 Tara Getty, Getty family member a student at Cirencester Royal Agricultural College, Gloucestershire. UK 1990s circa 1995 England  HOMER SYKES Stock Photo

...

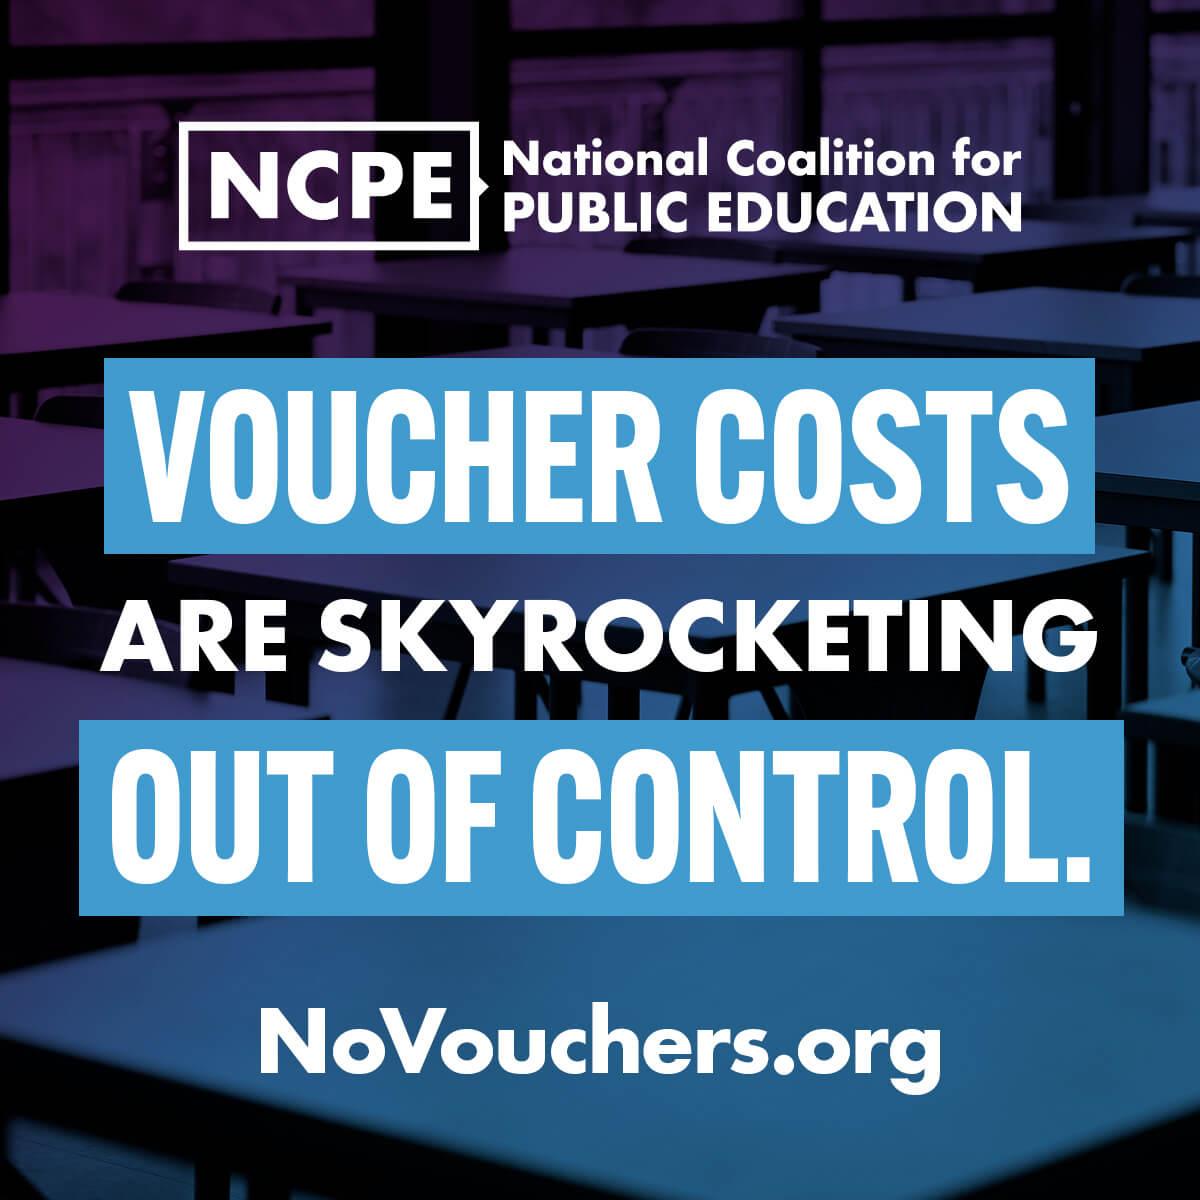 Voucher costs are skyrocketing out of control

---

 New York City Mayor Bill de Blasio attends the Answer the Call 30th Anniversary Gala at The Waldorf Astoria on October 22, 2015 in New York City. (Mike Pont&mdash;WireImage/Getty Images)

Exercise
Across the listing above, state how many lines include the word "Getty", with nothing but the number in reply.

Task answer
2